Every economy needs an effective and efficient banking system to manage the transmission of money value. The real challenge at the moment is to get the banks to lend again to business of all shapes and sizes, vulnerable in the short term but viable in the medium. This aspiration runs totally against the efforts of the banks to become profitable again, after their recent near death experience. Banks need a balance sheet that has the required capital to loans ratios, which have gone completely out of kilter in recent years, with loans, both good and bad reaching stratospheric proportions. In a nutshell, the banks need more capital and fewer loans. So much for SME lending then, as our 'prudent' bankers see these small fry as more trouble than they are worth and more of a risk than they are now willing to take.
That's only the balance sheet aspect of lending, how about the profit motivation of bankers; never shrinking violets in that field. There will be massive pressure on the banks to make as much profit as possible in the next few years and they will revert to making their money from hiking interest rates and charges, as we have seen recently in the increases in cash handling and electronic funds transfer charges.
The only way that the banks are going to lend to small business is if they can get a return that covers their cost of funds and pays them a whopping premium for the risk involved. No wonder they need to be brought kicking and screaming to the SME lending table. No wonder the Minister for Finance has had to demand that €8bn extra be loaned to SMEs by both of the bailed-out banks involved over the next year.
Most of this lending activity is in debt restructuring to assist many businesses to survive. We have asked both banks to report the amount of 'new' money being sanctioned, and they are currently both 'amending' their systems to provide this information.
The target has apparently shifted from the fairly clear "new or additional credit" to "new sanctioned lending, including debt restructuring". In layman's terms, the €8bn will be mostly made up of pulling back overdrafts and issuing, if you're lucky, new term loans – very little 'new' lending.

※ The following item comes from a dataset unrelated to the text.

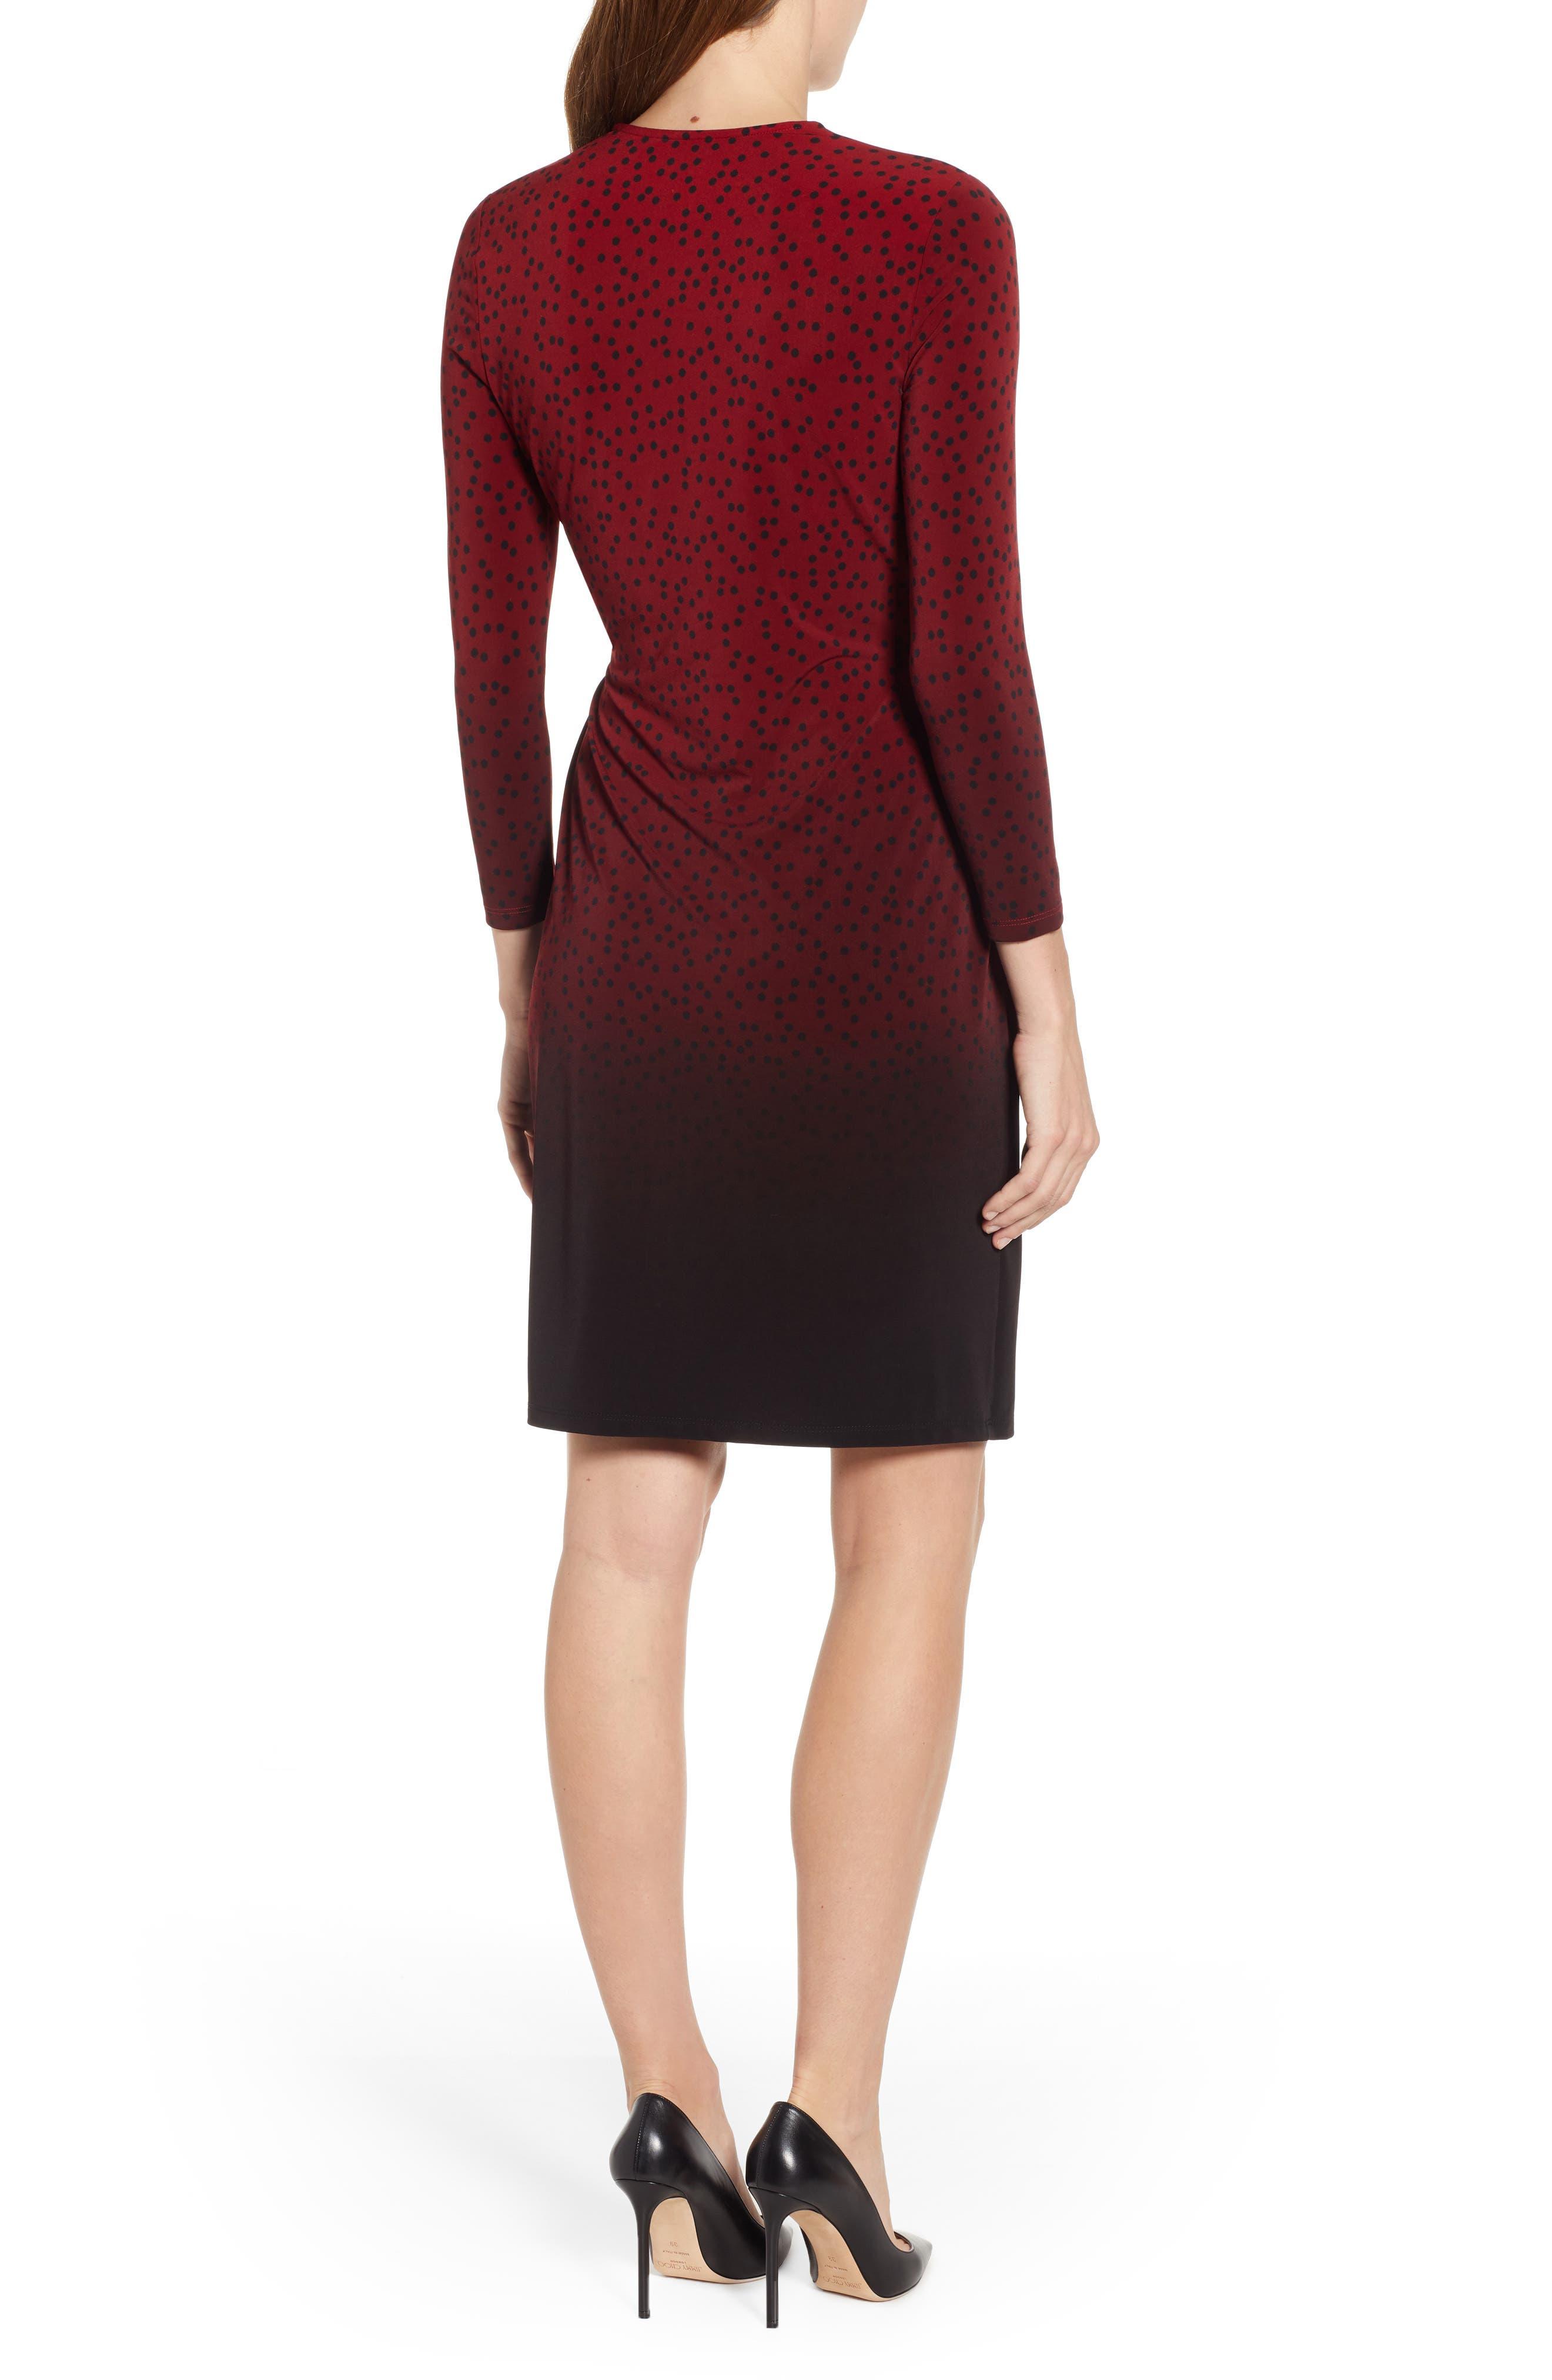 ANNE KLEIN,                             Camille Dot Faux Wrap Dress,                             Alternate thumbnail 2, color,                             DK TITIAN RED/ ANNE BLK COMBO

The most recent ISME Quarterly Bank Watch Survey in June shows a welcome increase in demand for bank credit and a slight improvement in availability of bank lending; the best results in four years. Some 44 per cent of companies who applied for funding in the previous three months had been refused credit by their banks, an improvement on the 52 per cent in the previous quarter. Still a long way off the 'eight in 10' claim.
In addition, the demand for additional or new bank facilities had increased from 35 per cent to 41 per cent and the delays in decision making by banks had improved, with the average wait down to four weeks from the previous five. We welcomed the positive changes and urged the banks to continue to reduce their refusal rates to what was previously regarded as normal to assist the economic recovery.

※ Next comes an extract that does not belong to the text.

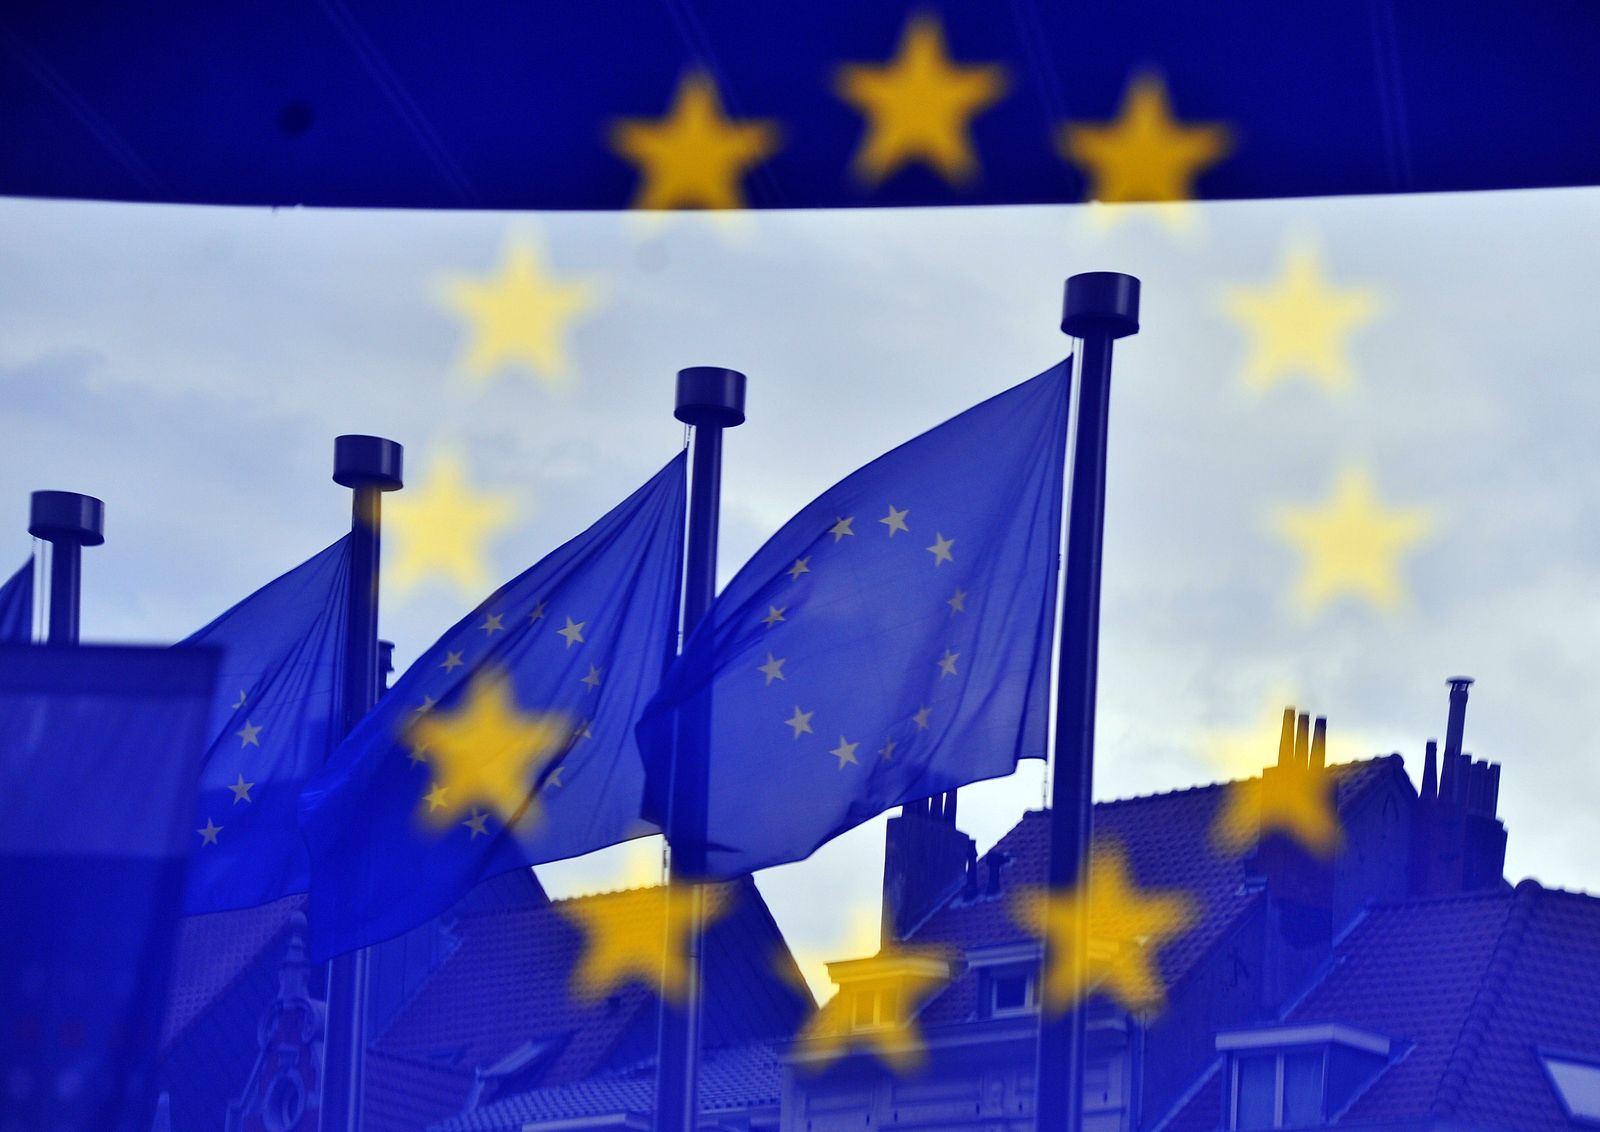 TOPSHOTS-BELGIUM-EU-VOTE

What is really galling for many smaller businesses is the high moral ground being taken by the arrogant bankers and their spokesmen in their continuing to refuse credit, with their criticism of SME liquidity and profitability.

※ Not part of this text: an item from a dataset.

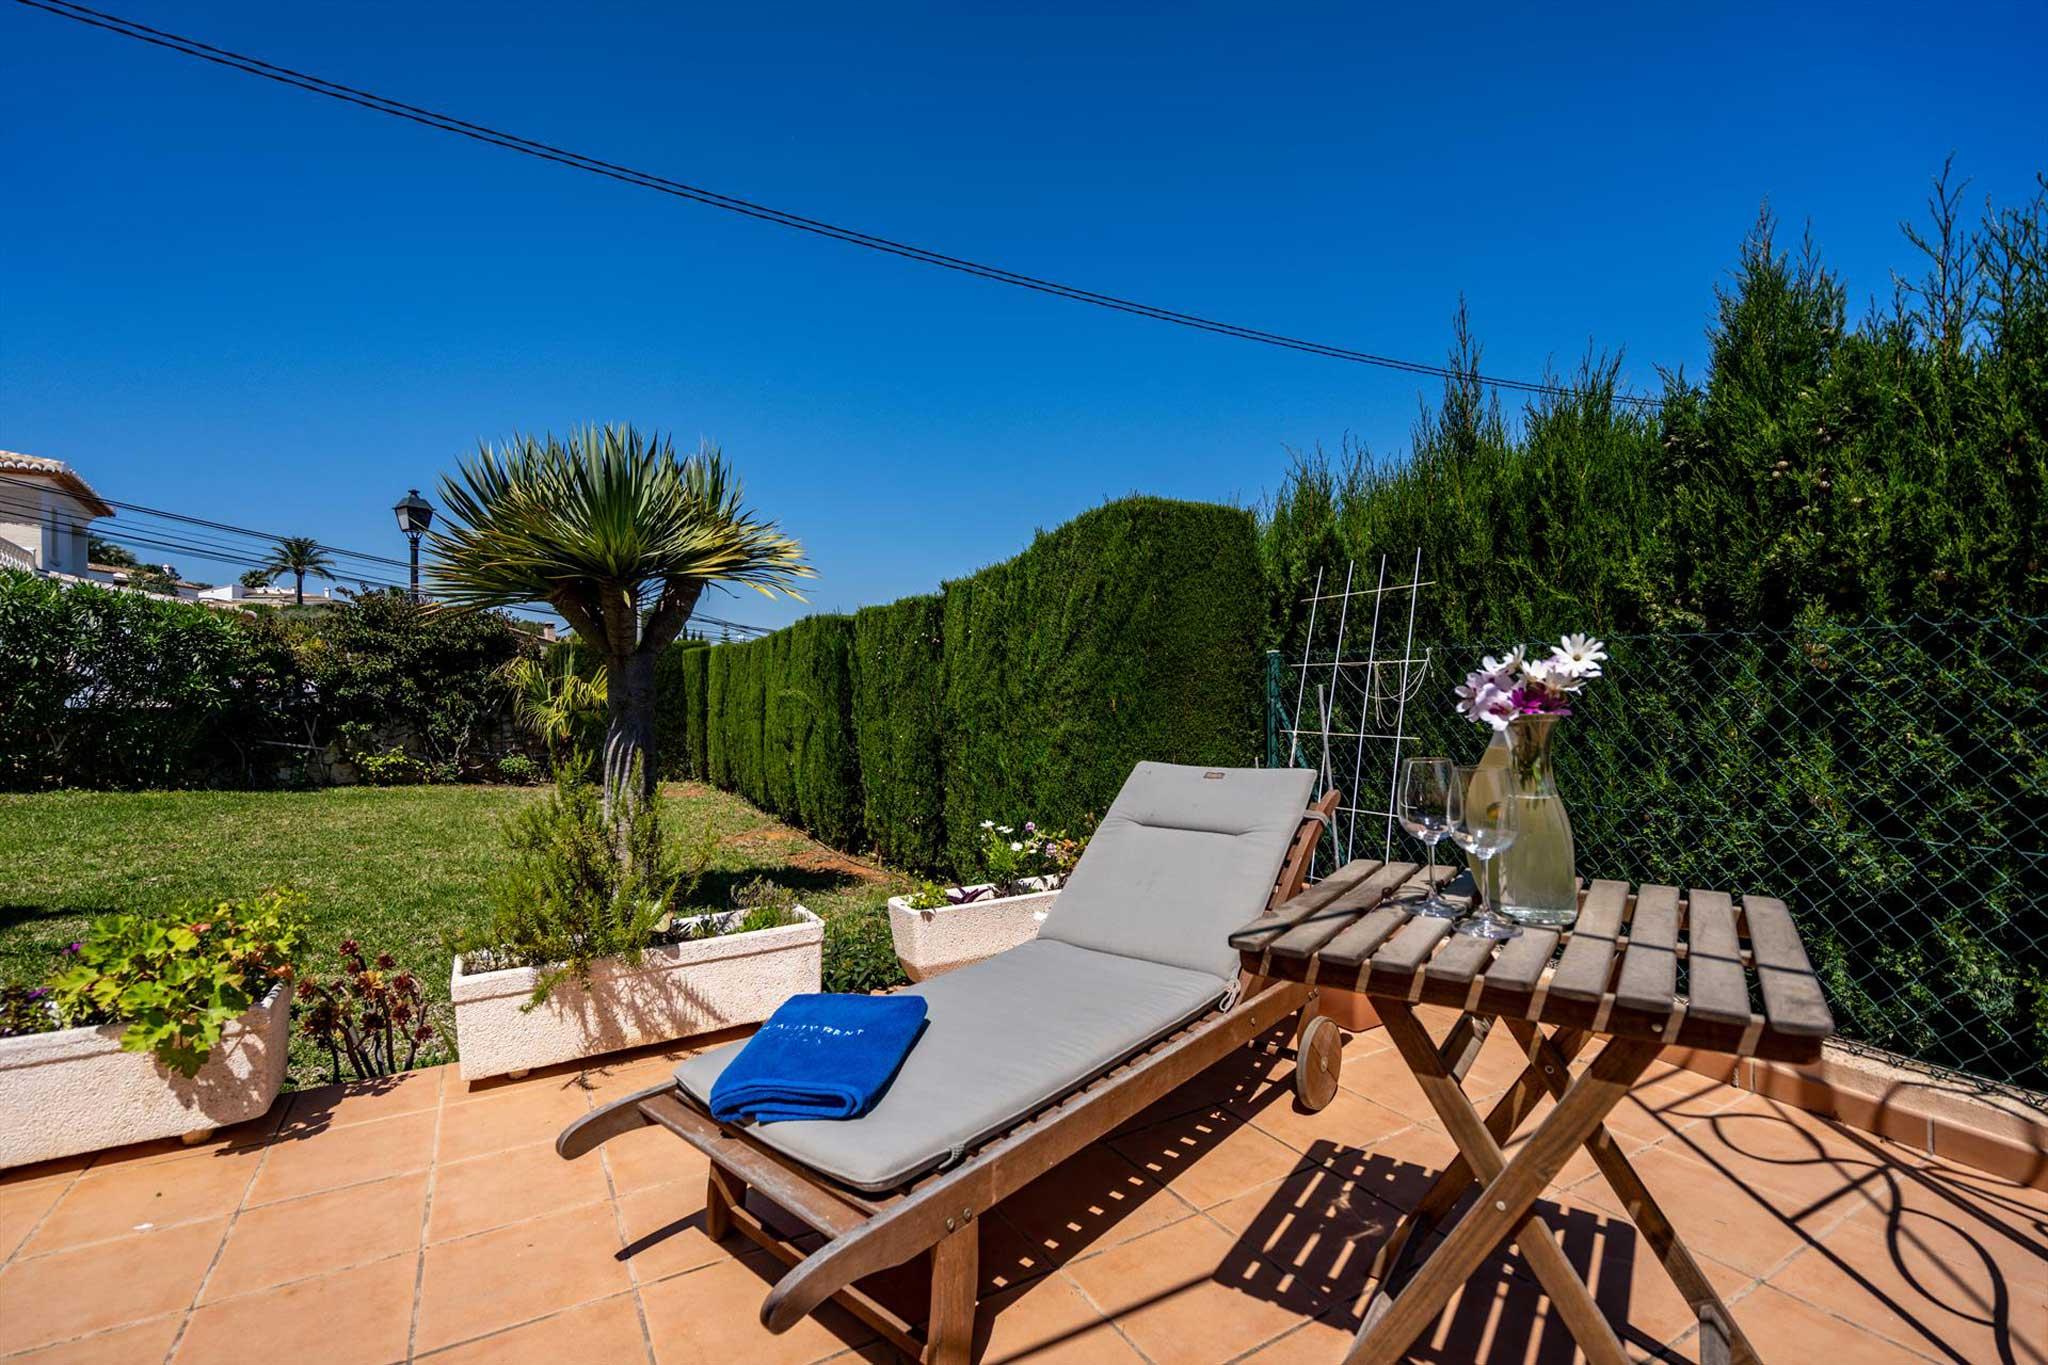 Casa con jardin en Denia – Quality Rent a Villa

Isn't it an awful pity that they weren't as prudent with their own speculative trading over the past 15 years or more? It really is a bit rich to hear them deny, pontificate and fulminate while they themselves are on State assistance to the tune of billions. And they still persist with the 'eight out of 10' lie.
While the 'eight out of 10' excuse is rapidly gaining the status of 'the cheque is in the post', and as little Johnny might say, 'the dog ate my homework', small and medium enterprises are continuing to struggle without access to bank credit, with the resultant threat to thousands of Irish jobs.
Mark Fielding is CEO of the Irish Small and Medium Enterprises (ISME), which represents more than 8,750 members across all business sectors.